I'm really curious how many of you train exclusively at home (as in, you don't go to agility classes at all), and perhaps more interesting is if you choose to discontinue classes in favor of at home training.

What are the pros/cons of your decision to train exclusively at home?


----------



## fuzzybunny (Apr 29, 2011)

Since I'm new to Agility I really need the instruction. I wouldn't do it properly if I did it own my own at home. 

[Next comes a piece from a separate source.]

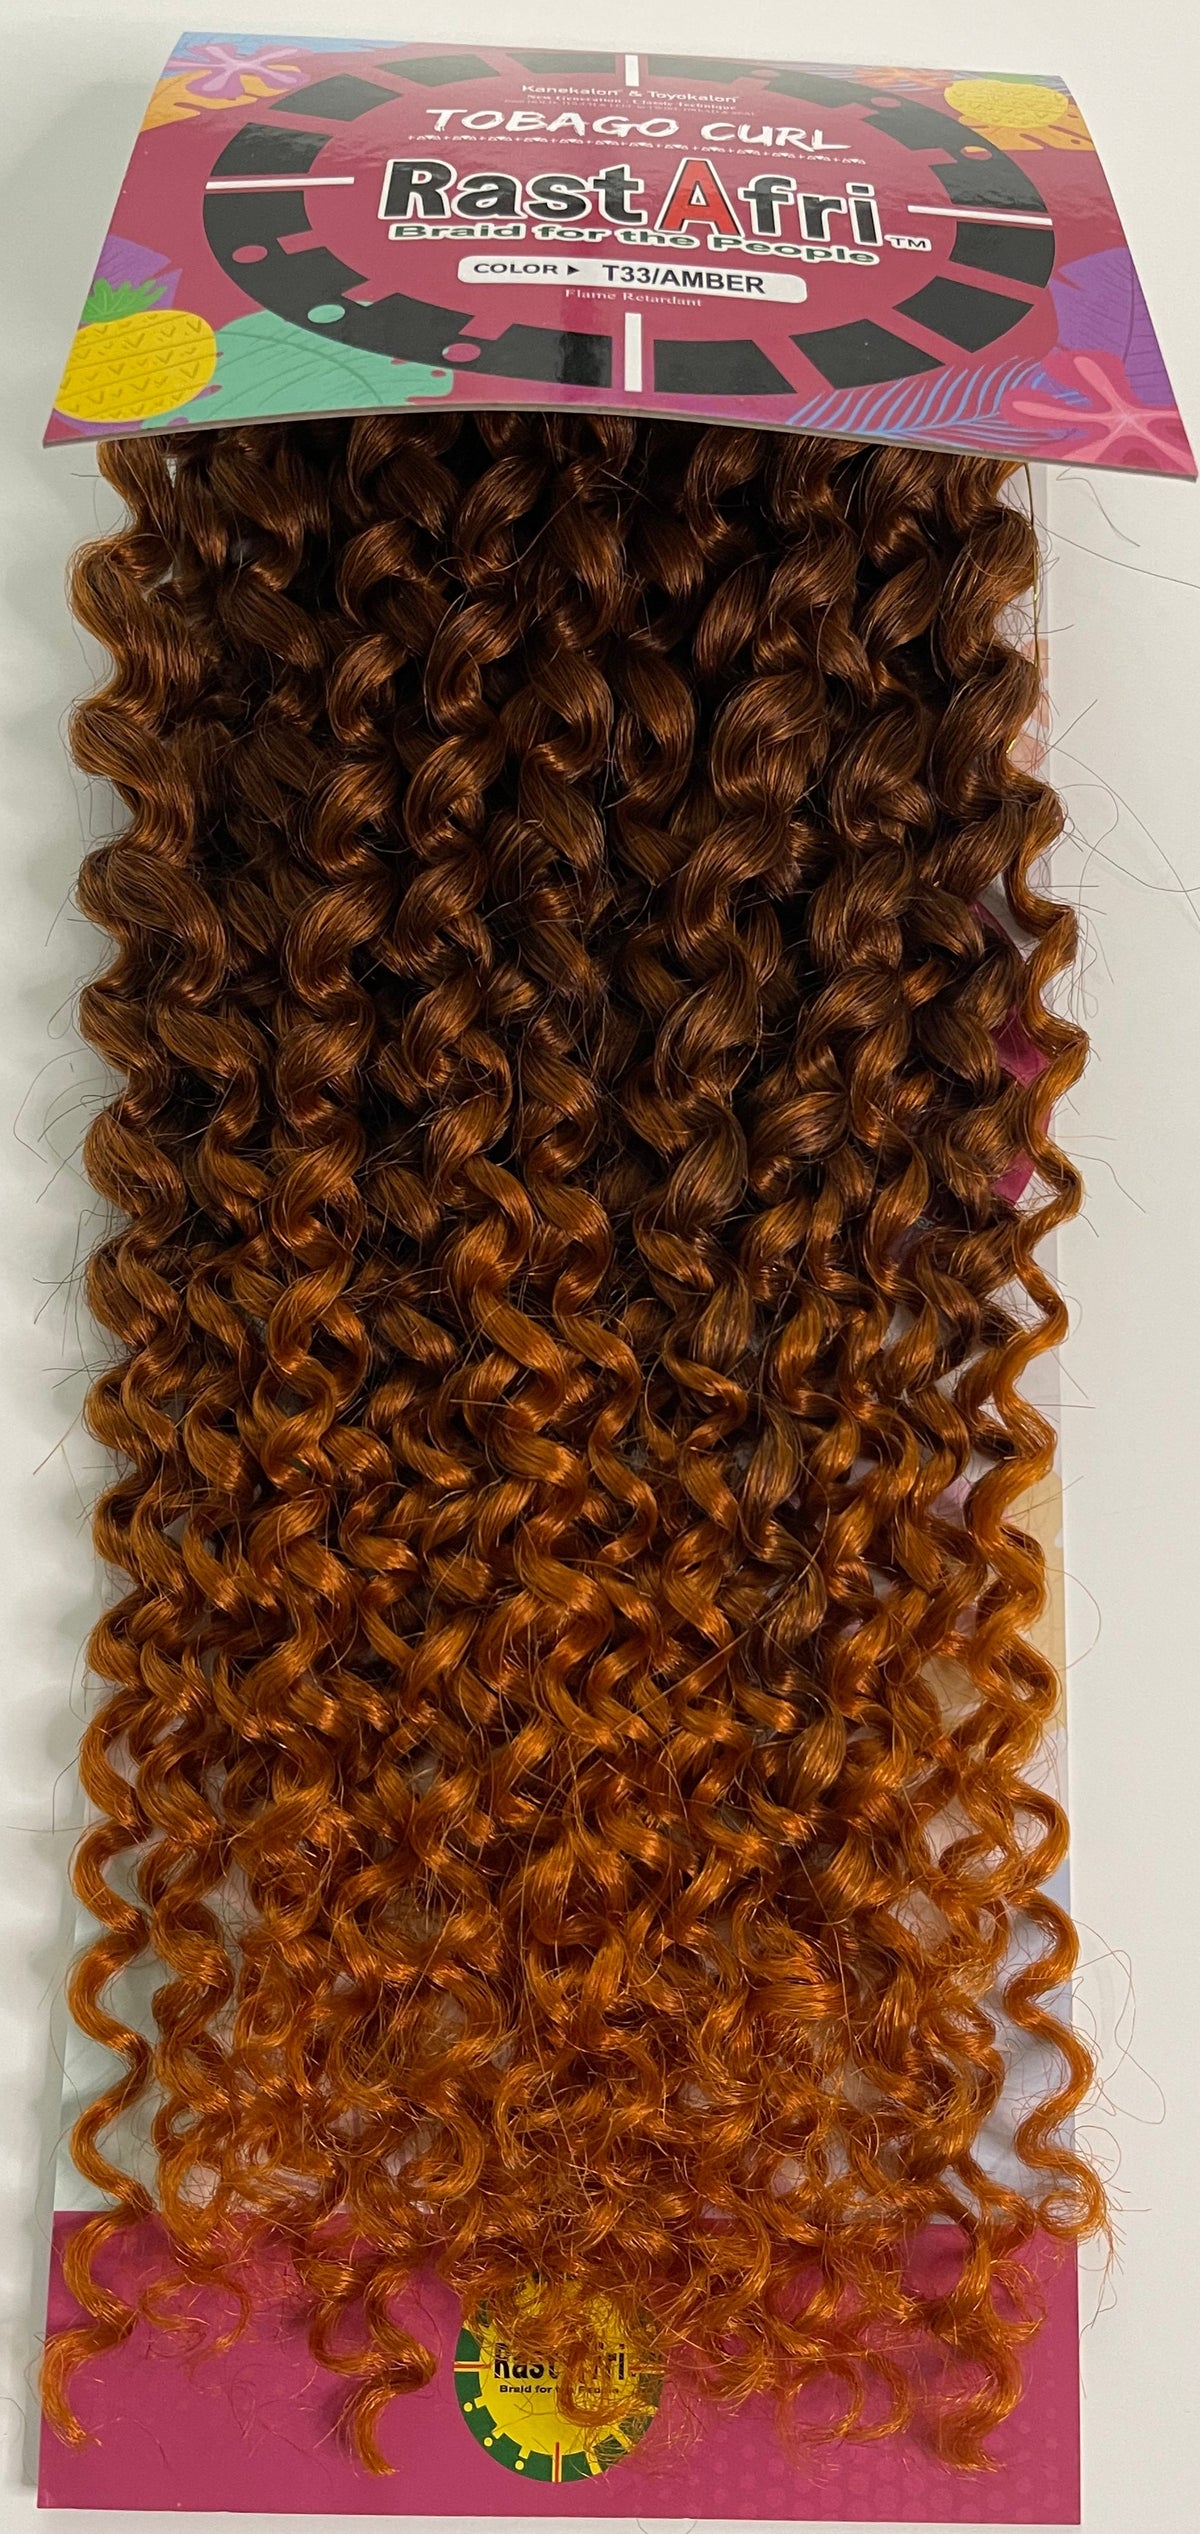 Rastafri Tobago Curl Crochet Braid T33/Amber

I also live in an apartment so I don't have the space for equipment. If I did, I would still do classes and practice at home because the trainers at my Agility center have way more knowledge than I do.


----------



## wildo (Jul 27, 2006)

My assumption is that if you trained on your own at home, you would likely be putting the "class fee" money into training DVDs and books though I definitely agree that having an experienced person there to watch you is very helpful indeed.


----------



## I_LOVE_MY_MIKKO (Oct 4, 2006)

I really like going to a trainer. My class isn't so much a "class" though. It's just me and one other handler/dog. Our training is very customized and since my trainer goes to almost all of the trials I do, she sees what we need to work on. She can't always see my runs since we usually run right after one another but she's running the same courses.
I have some equipment at home, but I don't think I could actually SEE what I'm doing right/wrong for it to be my sole source of practice. I guess if you were videotaping it you could watch it and fix accordingly, but there's just something about someone else critiquing you that helps.
There's also the benefit of going different places to train- there's other dogs there, people, other distractions.


----------



## AgileGSD (Jan 17, 2006)

Not sure what to pick. I discontinued agility classes in favor of home training and run thru/practice runs at the training club for a long time. Whimsy has been pretty much entirely trained at home, we're not perfect but she's very pretty reliable and is so focused on running when we get on the course, it really doesn't matter what else is going on. So I don't think we missed out from not training with distractions. I talk about about it here: The PyrShep Puppy Experience

I took Savvy to class because they were highly recommended to me and I thought it'd be interesting to try some different things training wise. Savvy's breed really needs a lot of ongoing exposure and socialization, so I wanted to take him to classes for that reason as well. The class has made early training with Savvy very easy, even when I can't work him outside at home. If this class wasn't available though, I'd probably have just trained him at home as well. 

The reason I have started Whimsy in advanced agility classes is because I want to get better at handling and am too complacent training on my own. I need to go to a class where I have to struggle a bit for my own good  I suspect that won't be an issue for you though, since I think you are more driven and detail oriented than I am. As such, I think you are probably more likely to push yourself to struggle through difficult handling maneuvers and perfect them. That's just never been a strong point for me


----------



## PaddyD (Jul 22, 2010)

Ooops, I voted train at home but should not have voted, sorry.
Subtract one.
My agility training consists of jumping over picnic tables, stone walls and fallen tree trunks.


----------



## kleinenHain (Sep 20, 2007)

Depending on the time of year. In the summer I take classes, mostly now just to get my pups use to people sounds and dogs. Most times and when not at class I train at home.


----------